What to work on. Copy the data exactly as it appears, and do not include any pictures.

Input data.
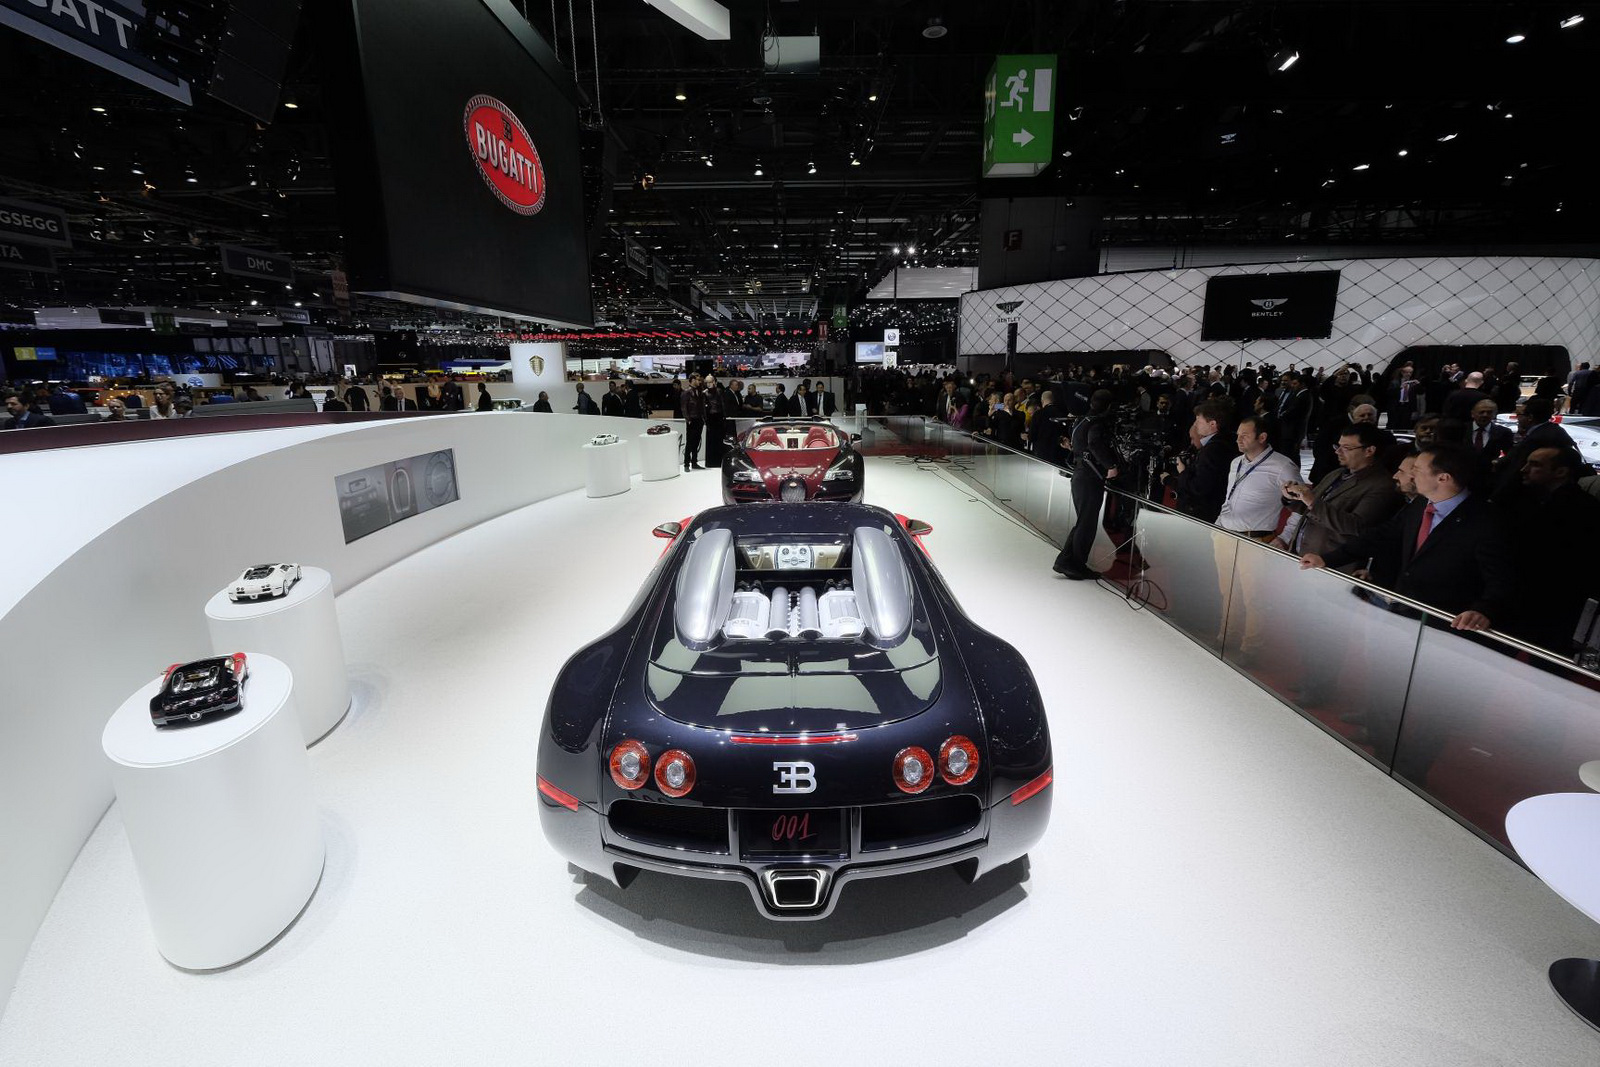 Bugatti-Veyron-Chassis-1-8
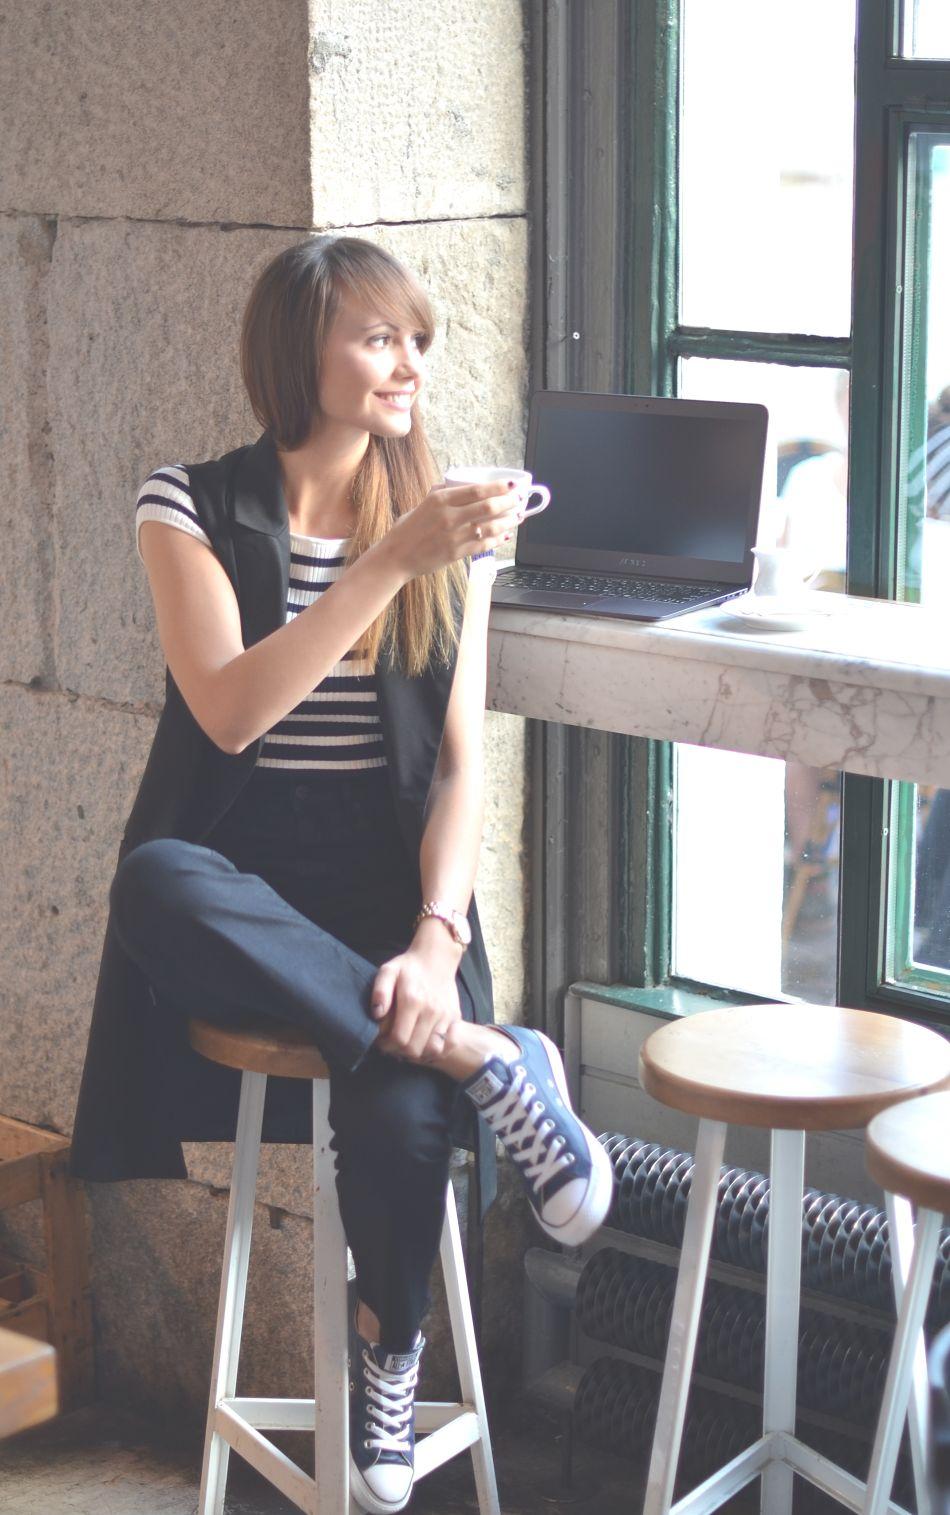 blogi o modzie | blog o modzie | blog modowy | blogerka modowa | ankieta cammy | charlotte krakow | motywacyjny blog
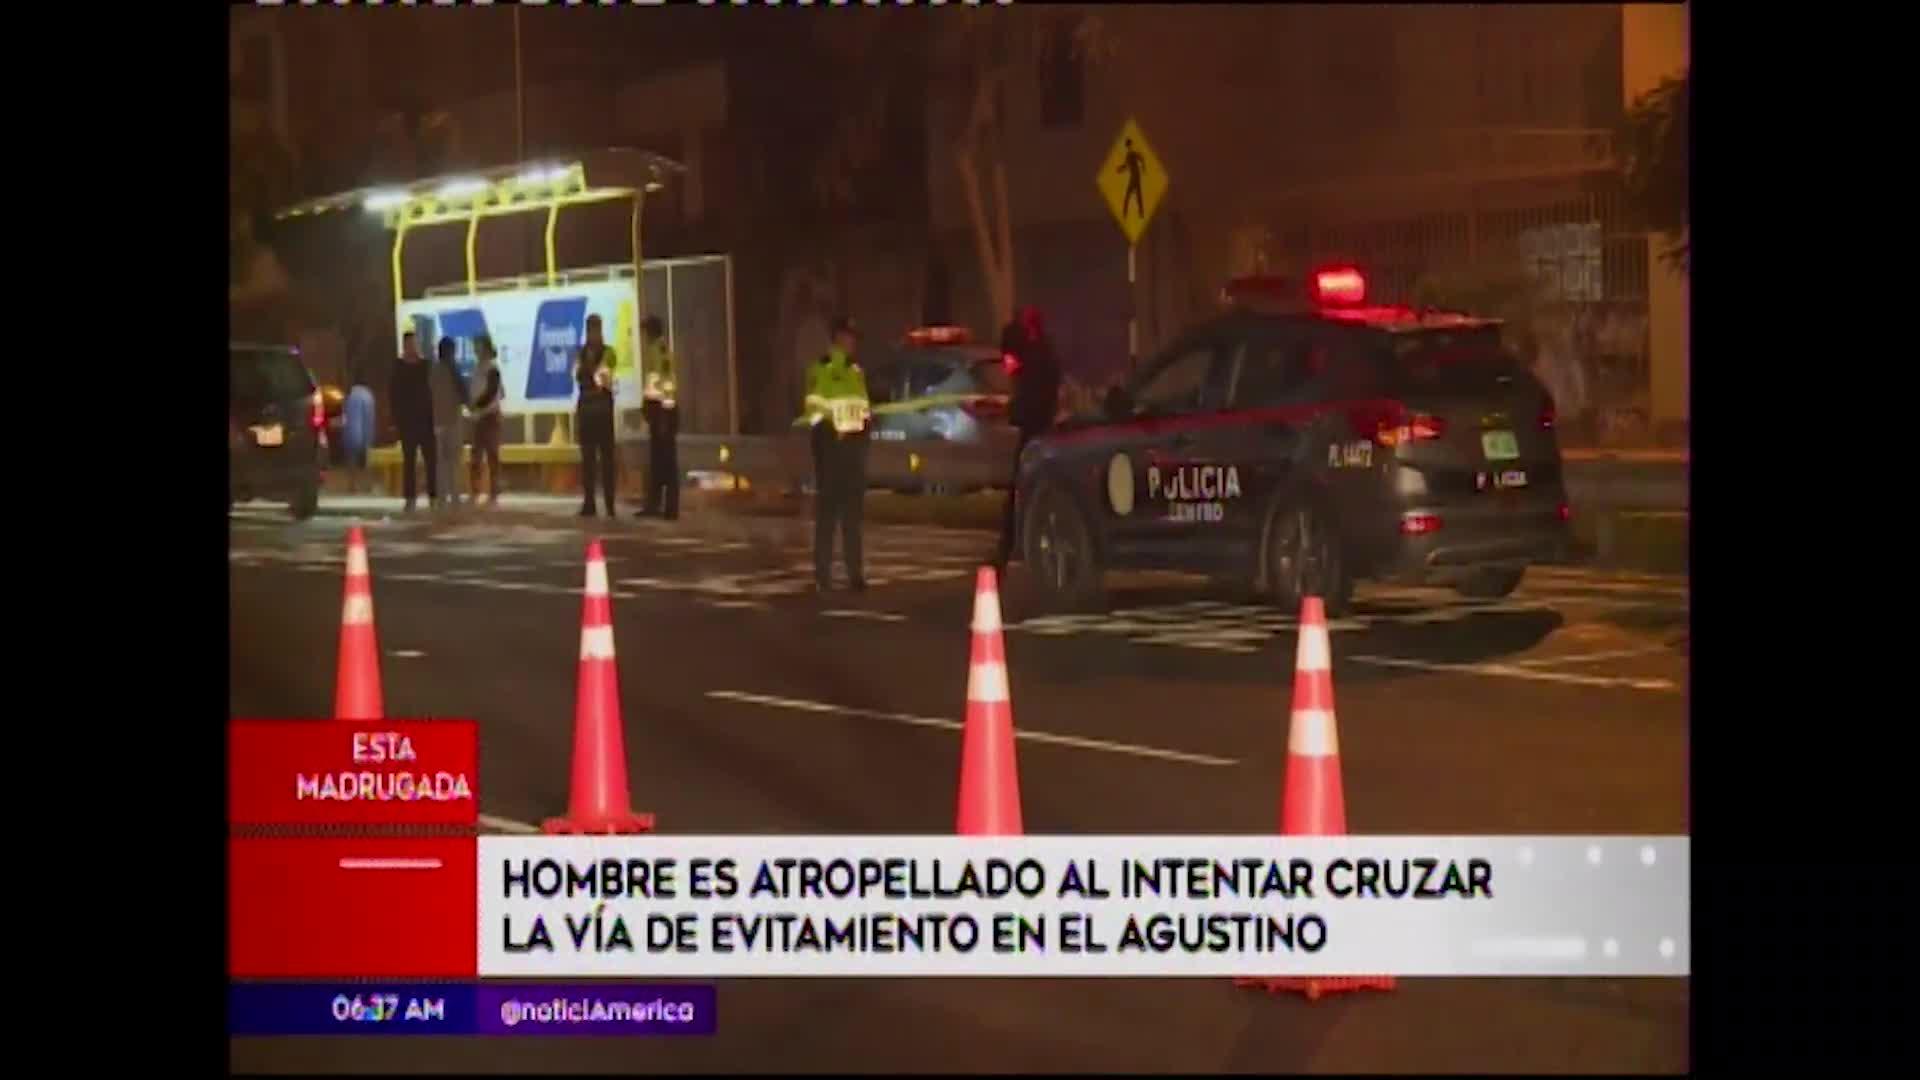 Hombre muere atropellado por transporte público al intentar cruzar Vía Evitamiento

Expected output.
 Bugatti-Veyron-Chassis-1-8
 blogi o modzie | blog o modzie | blog modowy | blogerka modowa | ankieta cammy | charlotte krakow | motywacyjny blog
 Hombre muere atropellado por transporte público al intentar cruzar Vía Evitamiento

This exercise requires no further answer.